Now you only have to perform one of those sources skills for each document you try to source.

Point 7: Complexity “Unicorn” Point

And it’s the complexity point for this you can earn up to one point. To be sincere, only 2% of all students who write DBQ have earned this point. Here’s what this point is about. Is your essay nuanced? Does it analyze multiple variables? Does it explain the complexity of the topic with skill and beauty?

If so, you’ll earn this point. So if you’re writing an essay about changes over time, then maybe also include the continuity if you’re comparing things and talking about their similarities, then perhaps also talk about their differences.


DBQ is one of the most challenging essays that any student in any AP history will do. If you are overwhelmed by this, the only way to improve on it is to continue practicing repeatedly.


How do I cite documents in AP world?

AP world has a section called “document.citations”, which uses the same citation syntax as MLA. This allows you to include any citation format in the AP world.

How do I cite a visual in AP world?

In the AP world, it is common to use a visual (like a map or a picture) as evidence to support a claim that you make in your AP essay. To add a visual to the AP world, use the “visual.citations” section.

How do you use outside evidence in a DBQ?

It depends on the question, but you can use outside evidence to support an argument in an argumentative question, as long as you cite your source in your essay. Outside evidence can distinguish between two opposing sides in a debate or provide a different perspective.

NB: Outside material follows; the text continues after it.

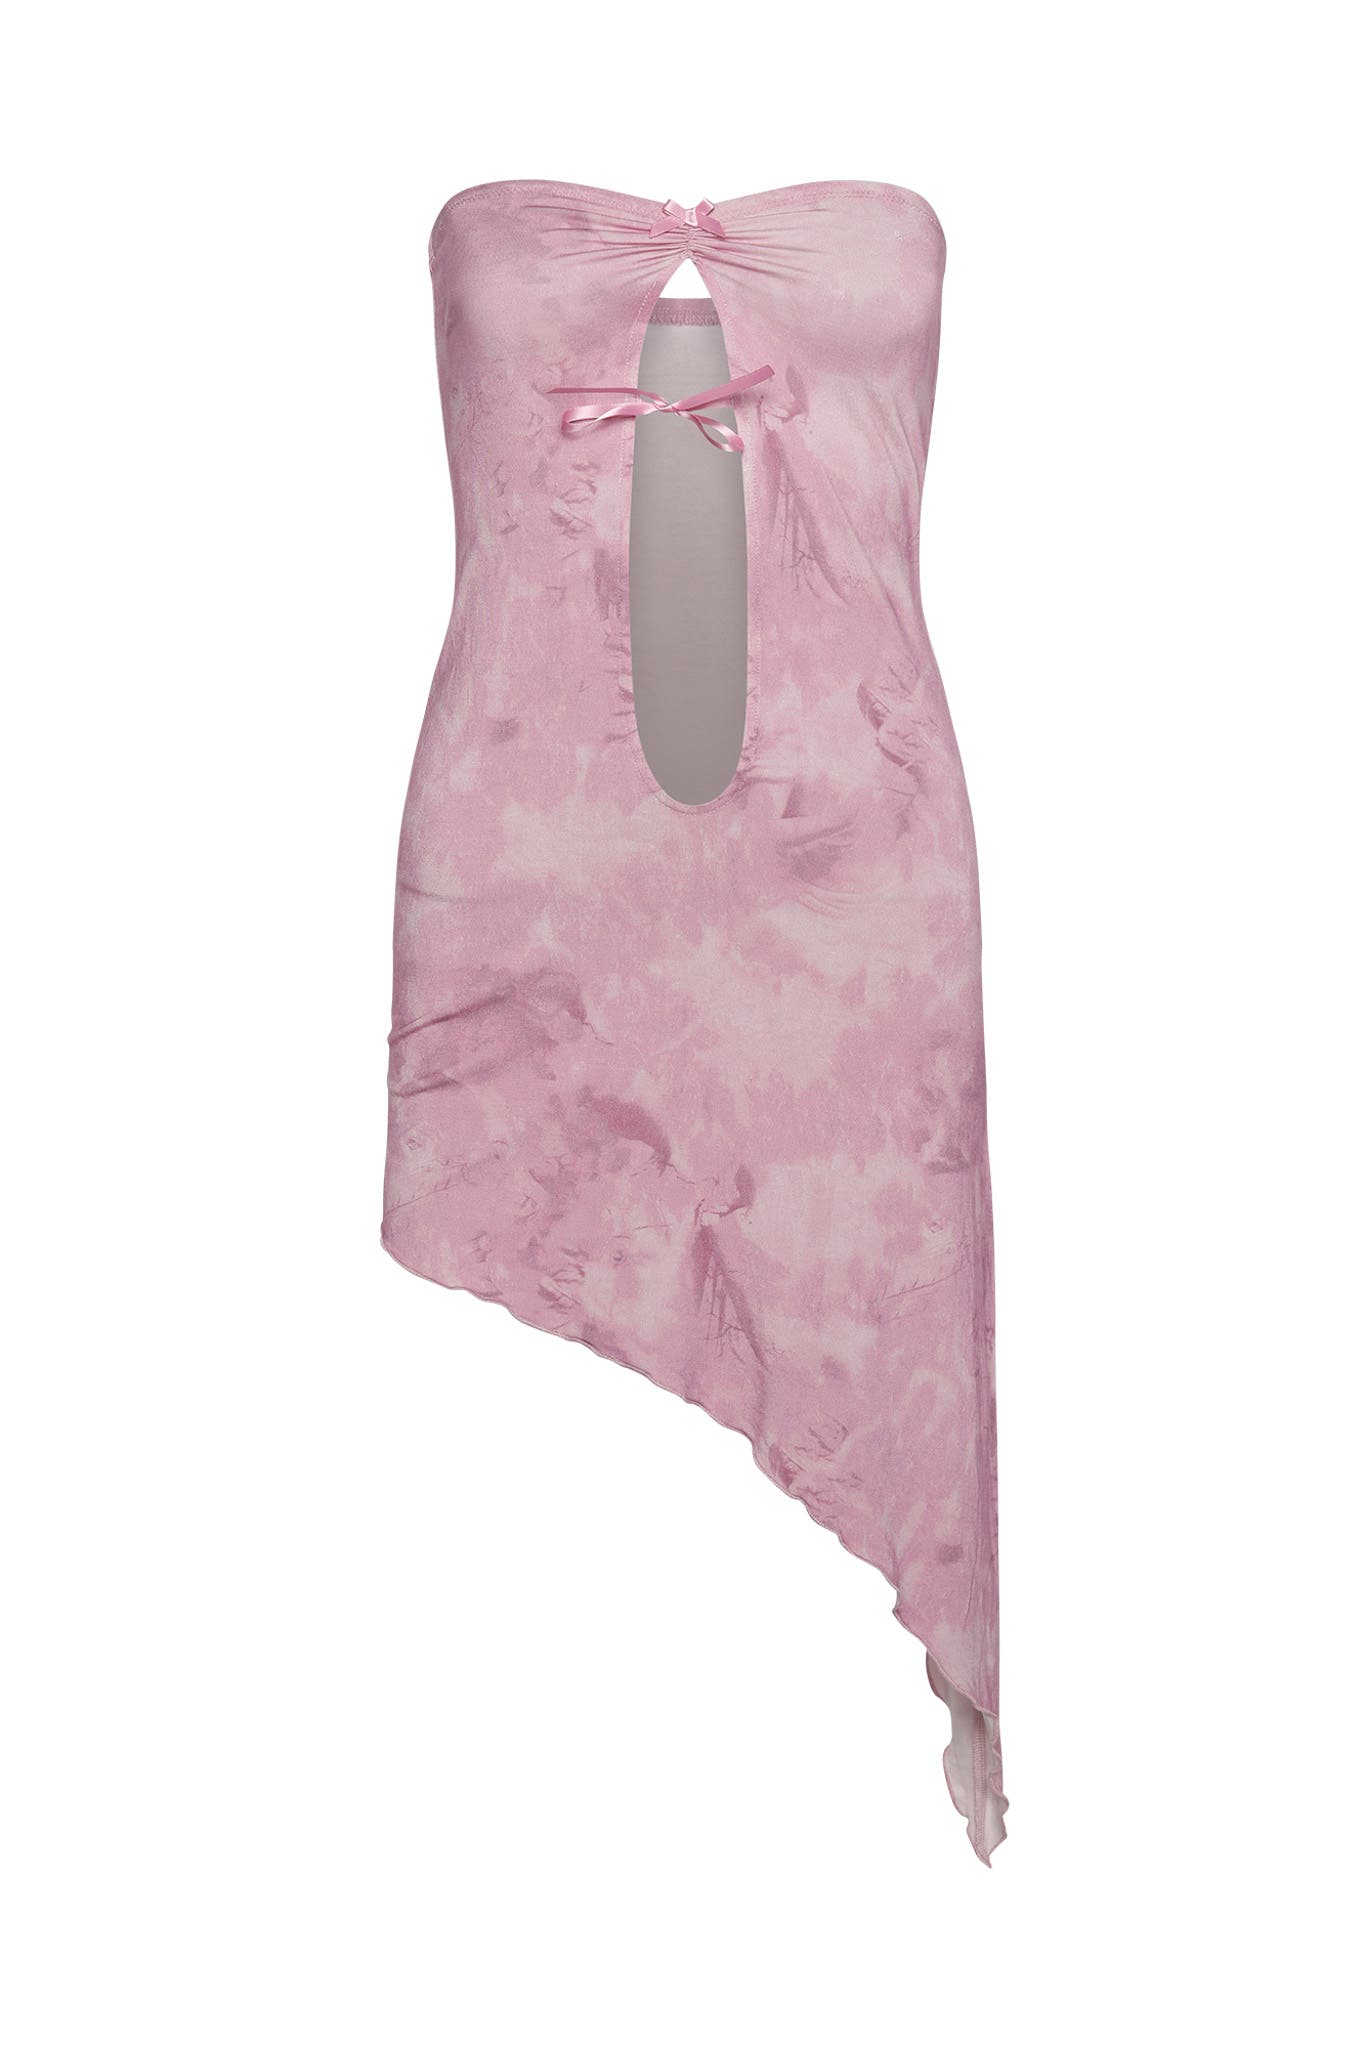 MAGNOLIA DRESS - PINK : ROSE QUARTZ
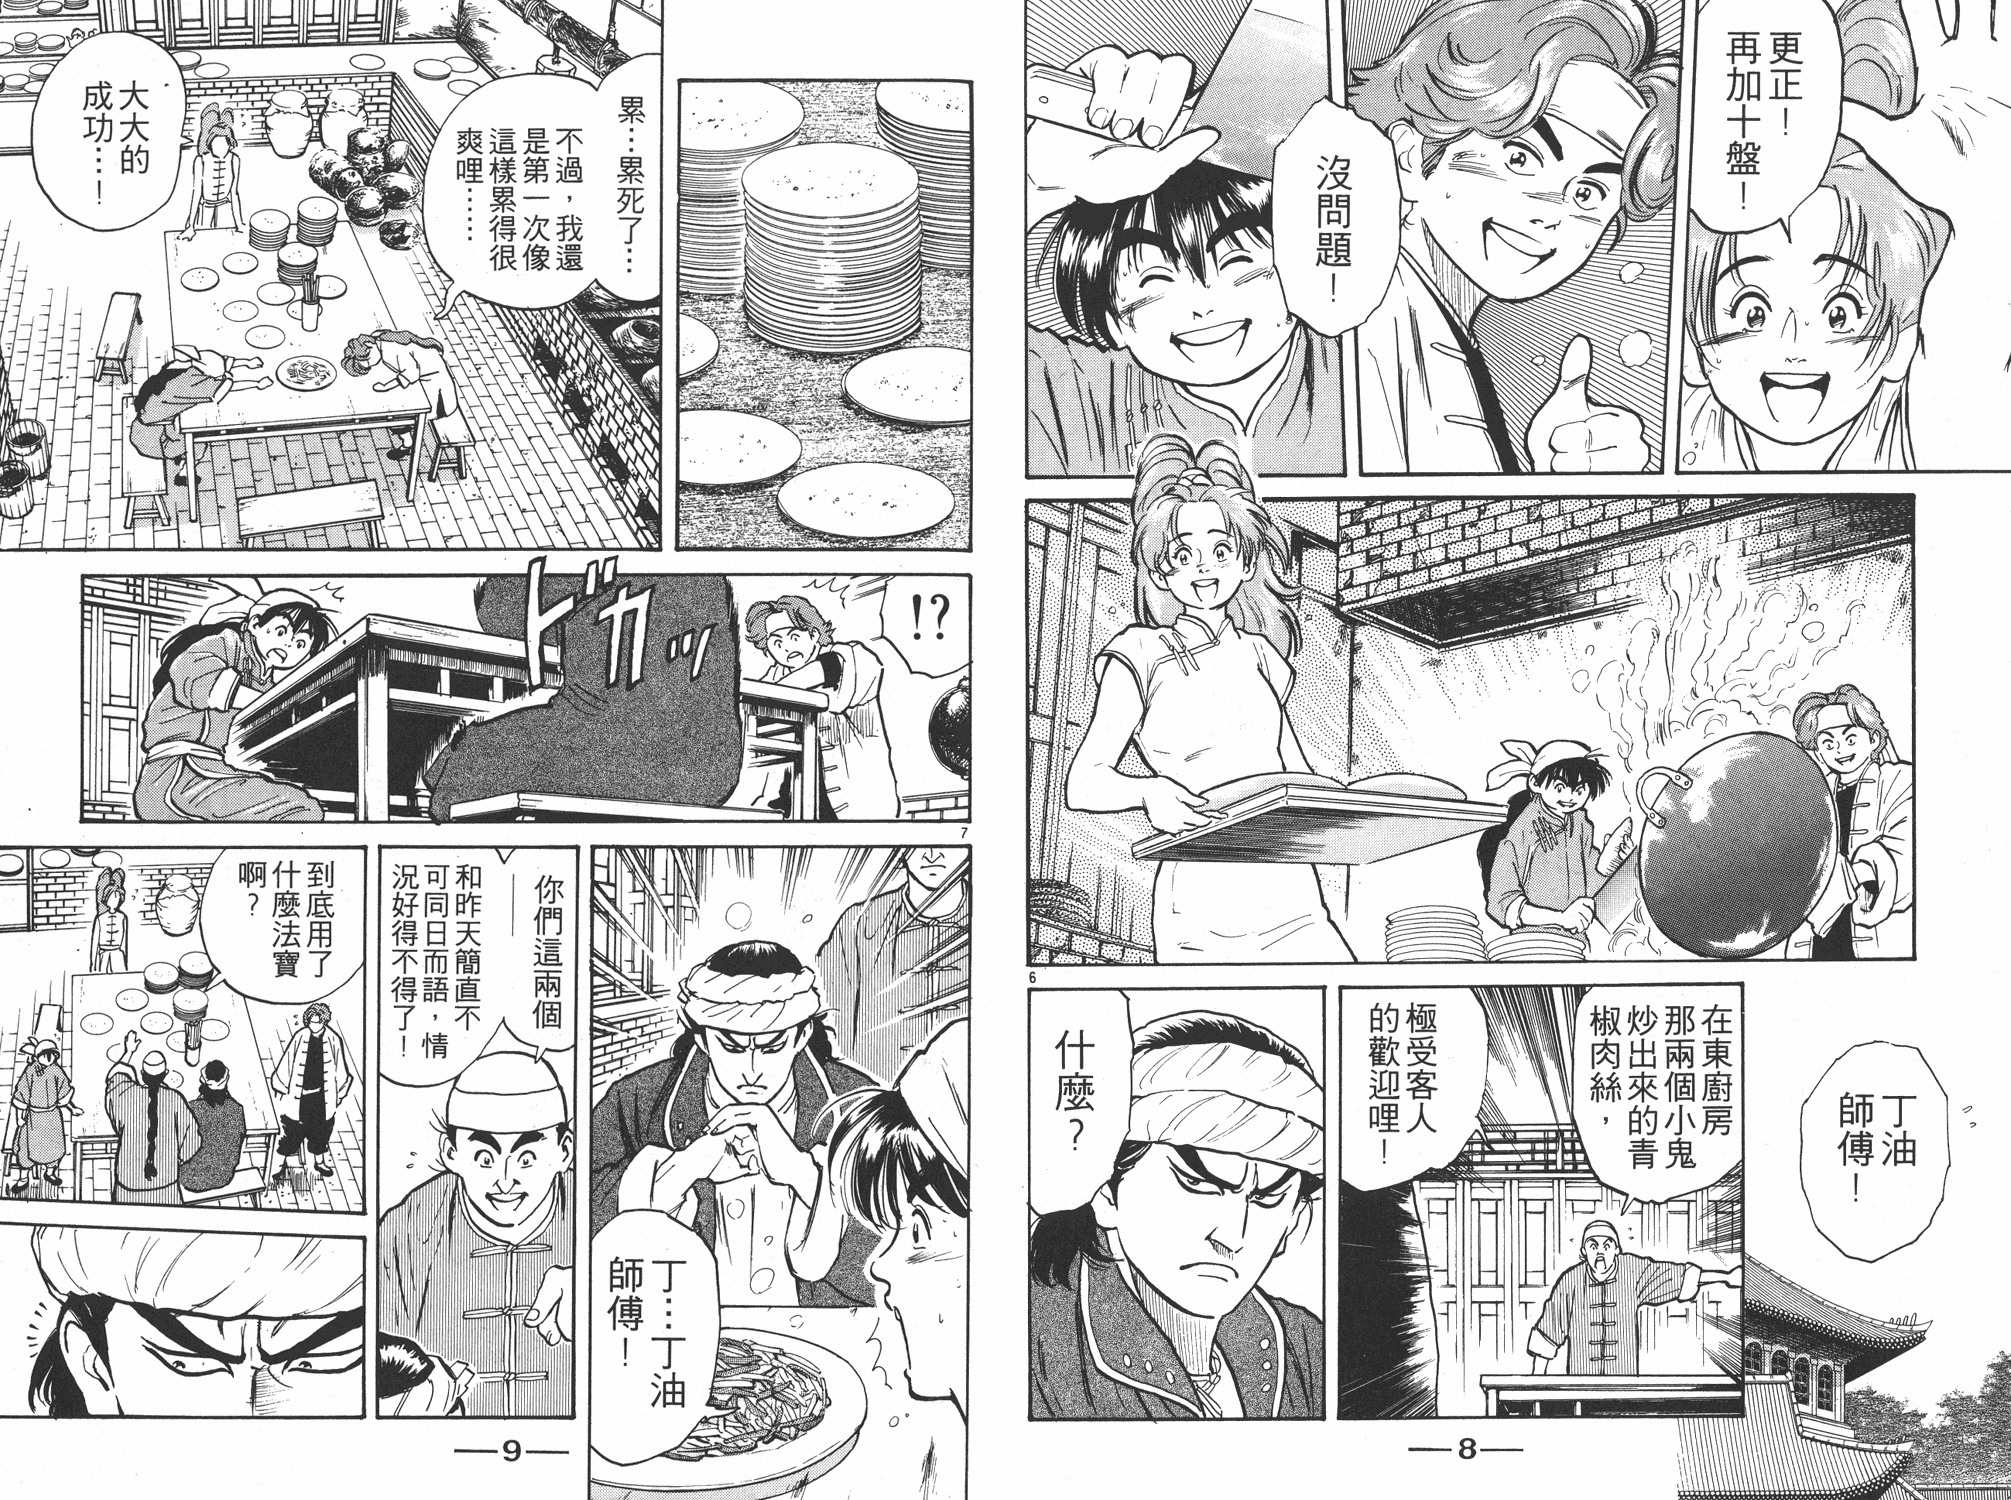 中华小当家国语版全集迅雷下载漫画,第2卷5图

The key to using outside evidence well is to find outside evidence that will support the thesis statement and link to one or more other outside sources.

The outside evidence must be related to the question. For example, if the question asks how an event or situation led to an outcome, you need to find outside evidence that shows how the event or situation helped lead to the outcome.

The outside evidence must be accurate. Things like statistics and dates can be wrong. It is important to read and check all your outside evidence carefully.

The outside evidence must support your answer.

What is the difference between an LEQ and a DBQ?

The LEQ is written around a topic that is provided in the question stem, and the DBQ is written around a quotation from a literary or historical source.

How to write a DBQ Heimler?

To write a DBQ, you must first correctly understand the historical contextualization question. A DBQ is embedded in the middle of the short answer section on the exam. You must take the historical contextualization question and use it to answer the essay question.

The question is what historical, economic, cultural, and or political events have contributed to this event. Then you use these events to answer the essay question.

Emmanuel Dominic

Emmanuel Dominic is the Founder and CEO of Examspot, a passionate educationist, avid reader, and data scientist. With a bachelor's degree in Economics and Development Studies, Emmanuel shares practical tips and strategies for excelling in exams such as WAEC, NECO, IJMB, JUPEB, and more. His well-researched blog posts provide valuable insights on exam techniques, study habits, and stress management, empowering students to achieve outstanding results.